> _WHAT TO PRODUCE_: Every line of the material must be restated exactly, though not its pictures.

> _THE DATA_:

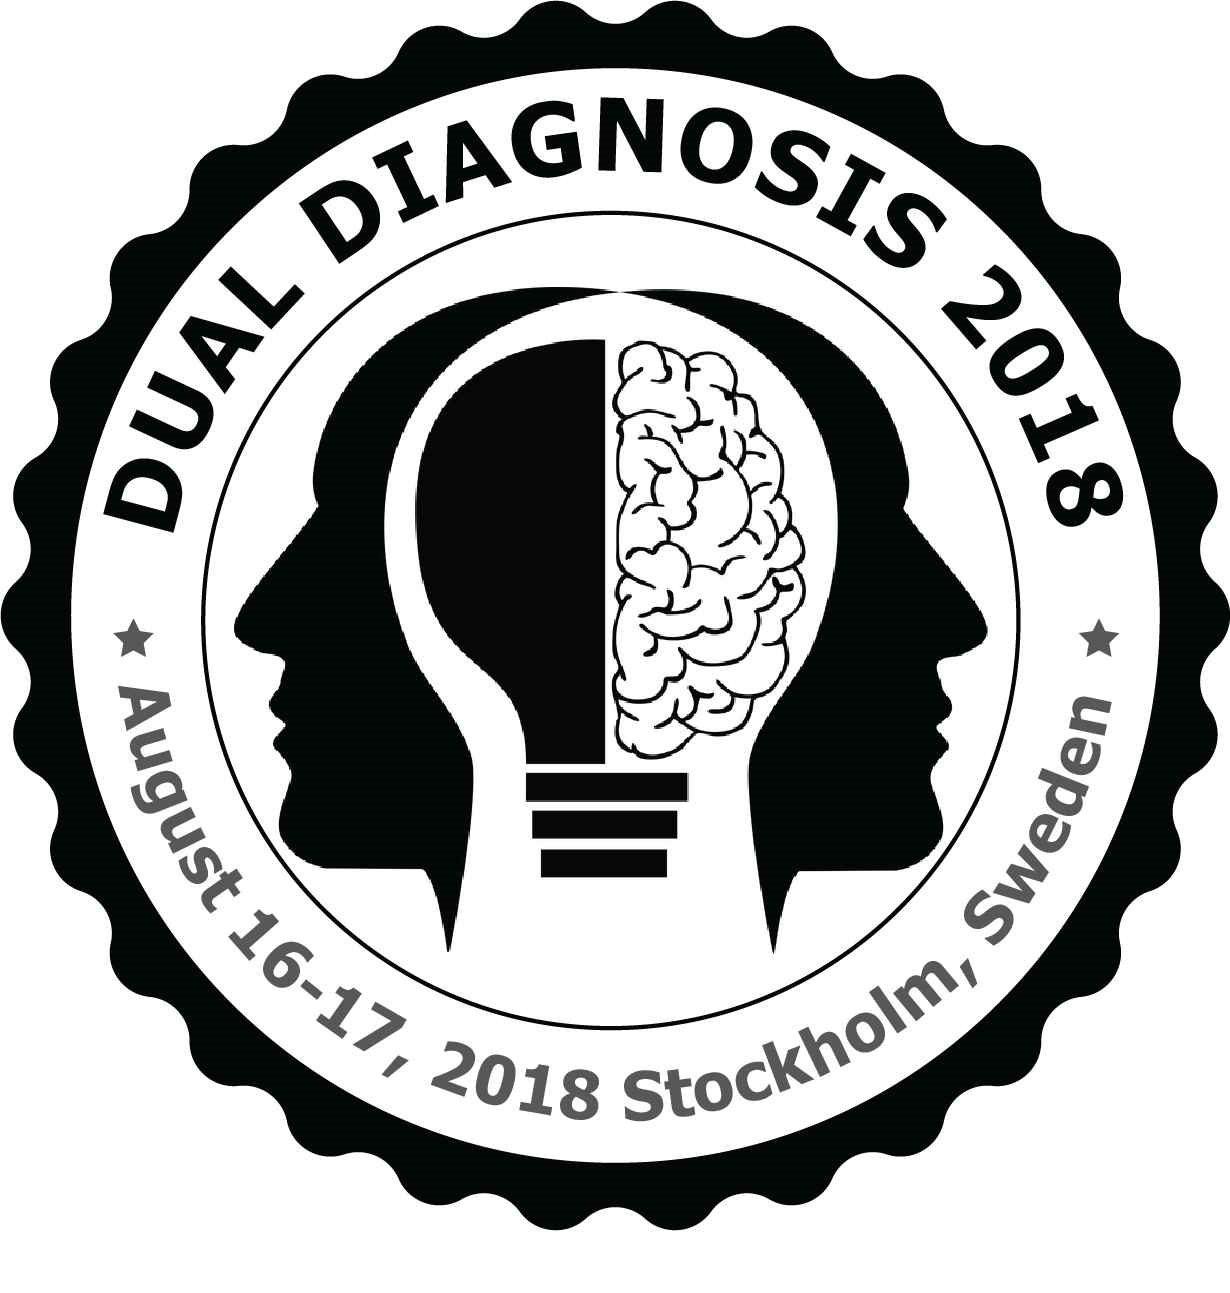 3rd International Congress on Addictive Behavior and Dual Diagnosis
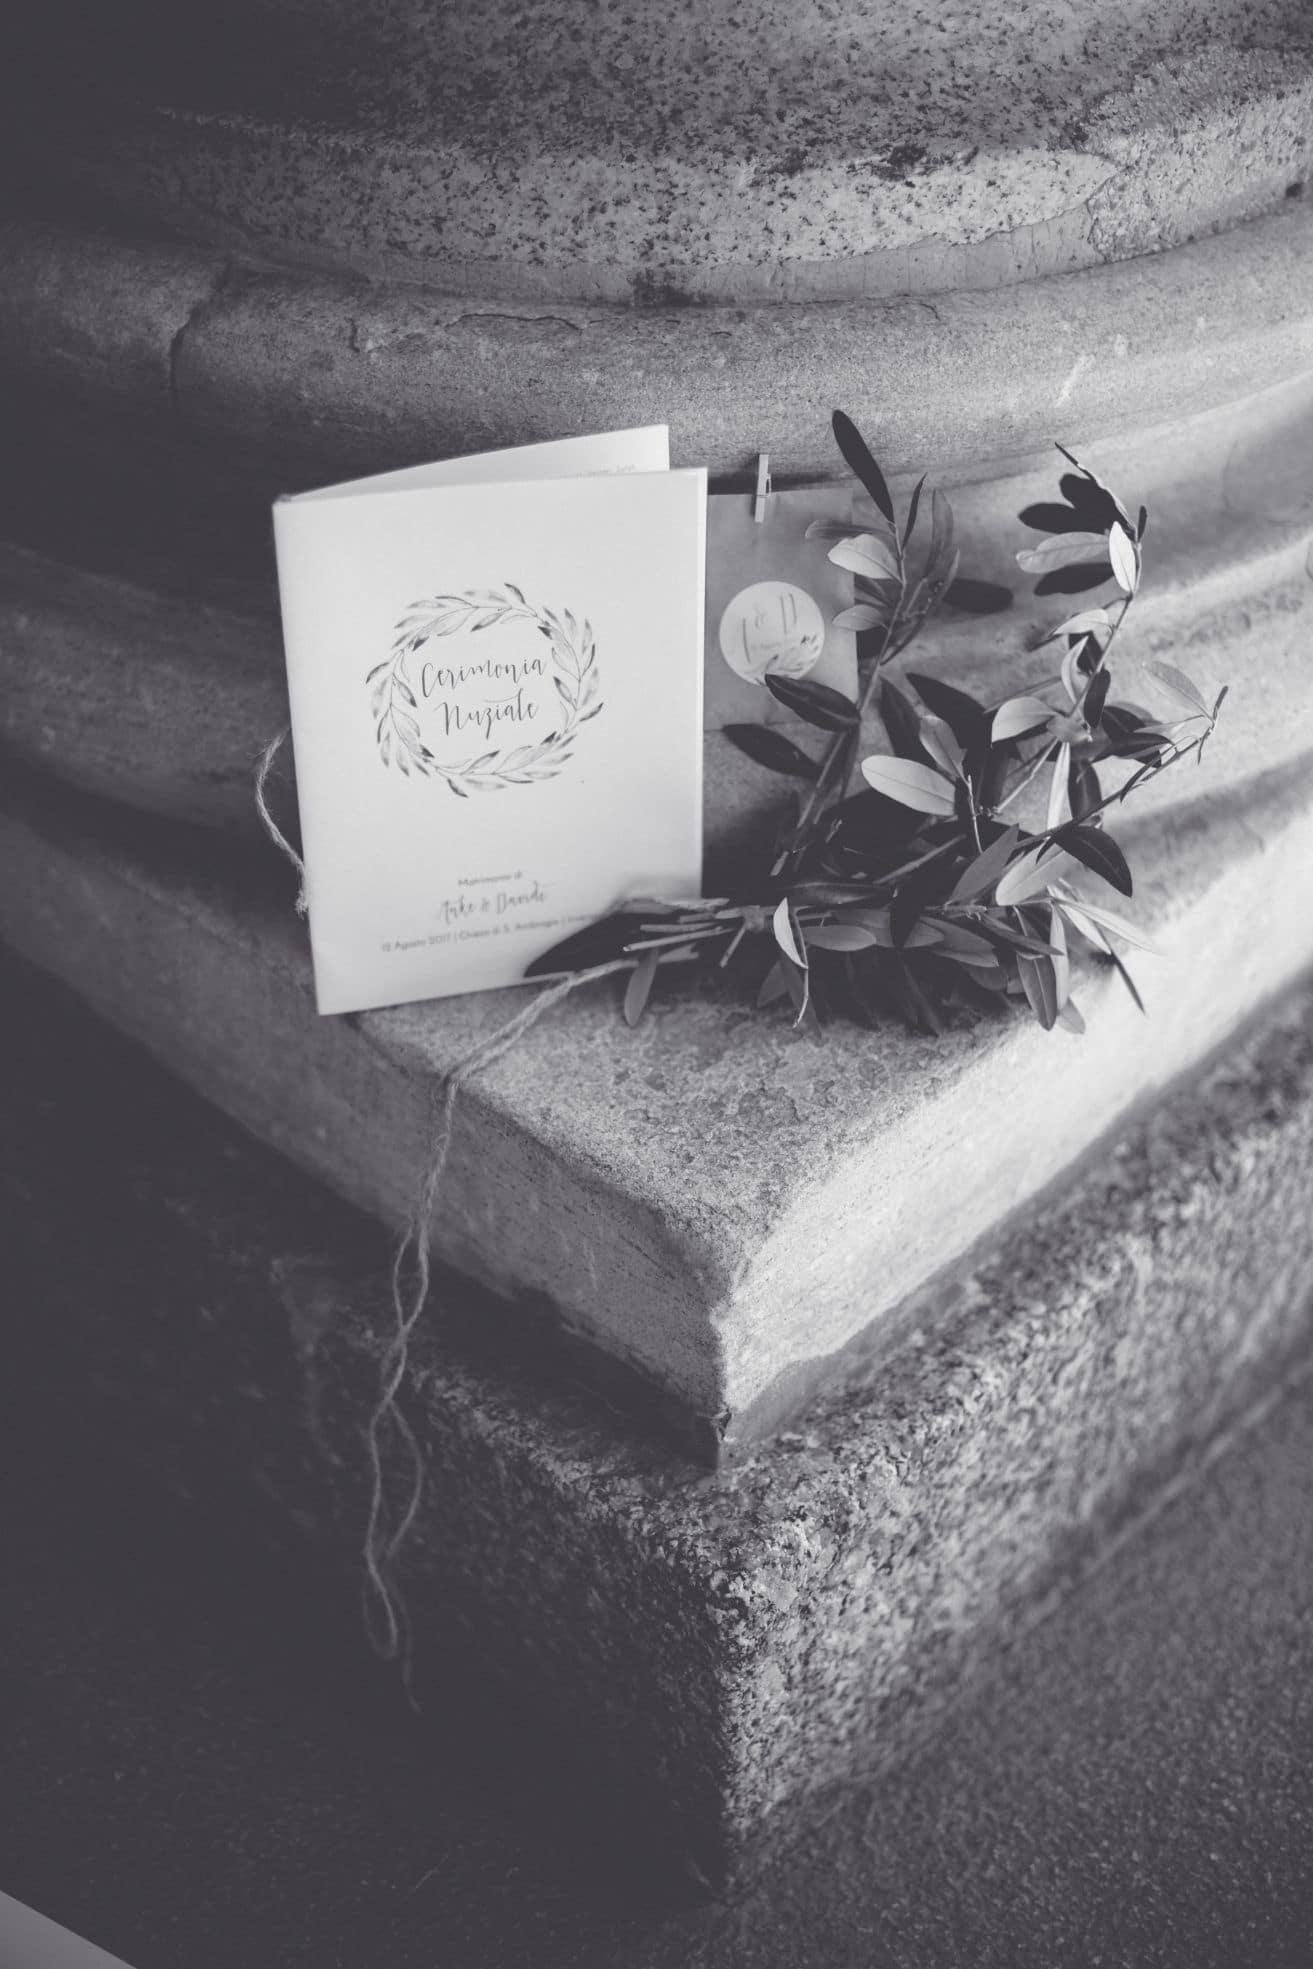 Million Memories_A&D_Hochzeitsfotograf_Schlosshochzeit_Toskana_Lago Di Como_Wedding_Tuscany_078
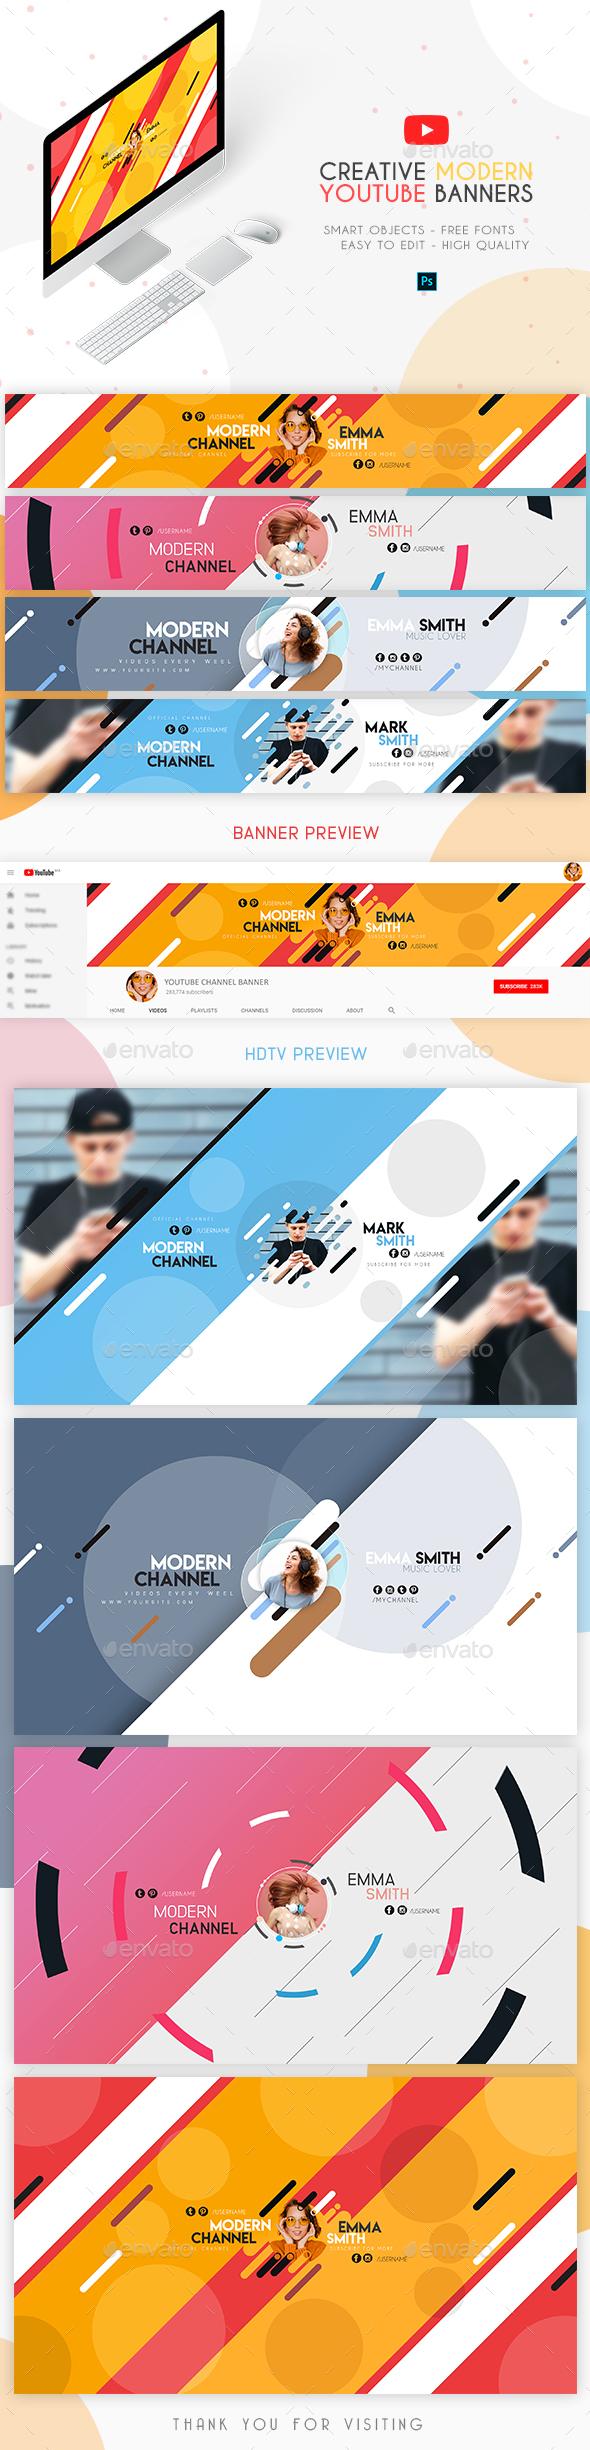 4 Modern YouTube Banners - YouTube Social Media
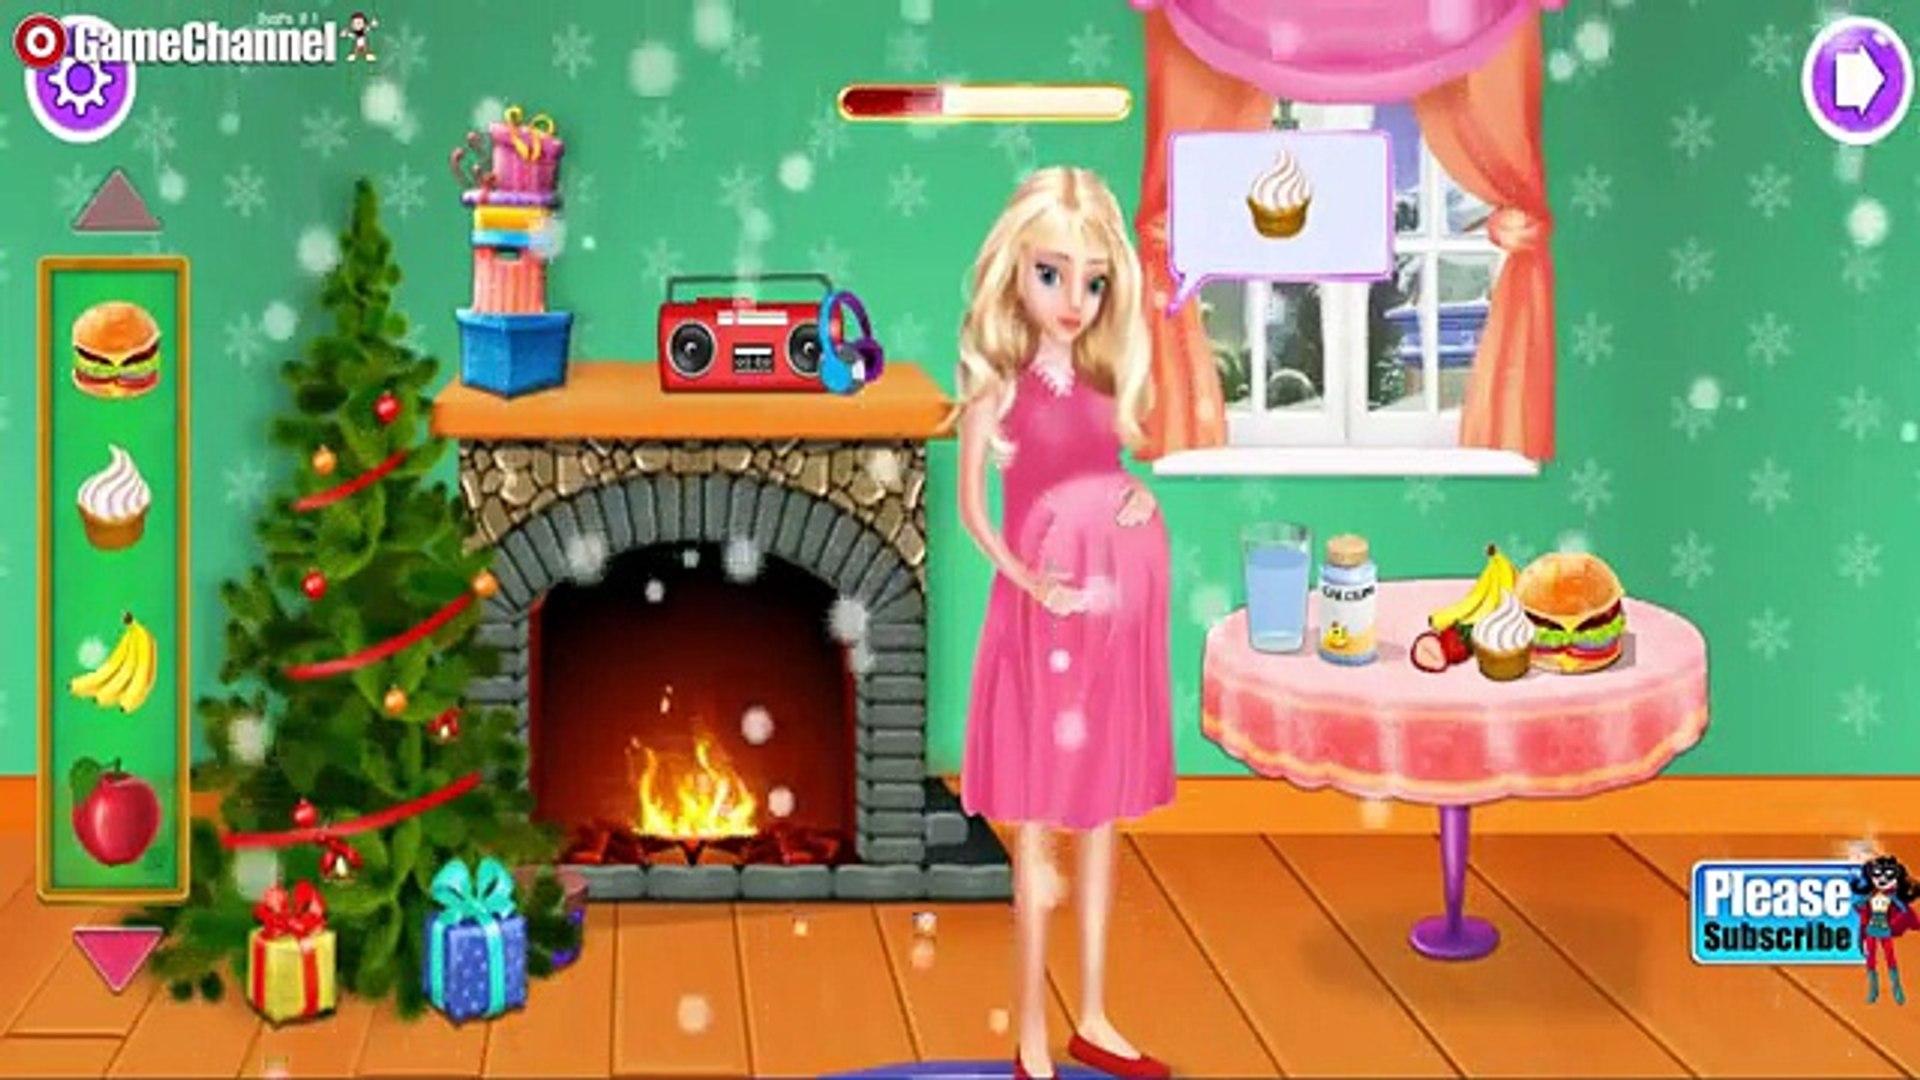 Little Santa Baby For Kids Educational Education Videos games for Kids - Girls - Baby Andr

> _WRITTEN ANSWER_:
 3rd International Congress on Addictive Behavior and Dual Diagnosis
 Million Memories_A&D_Hochzeitsfotograf_Schlosshochzeit_Toskana_Lago Di Como_Wedding_Tuscany_078
 4 Modern YouTube Banners - YouTube Social Media
 Little Santa Baby For Kids Educational Education Videos games for Kids - Girls - Baby Andr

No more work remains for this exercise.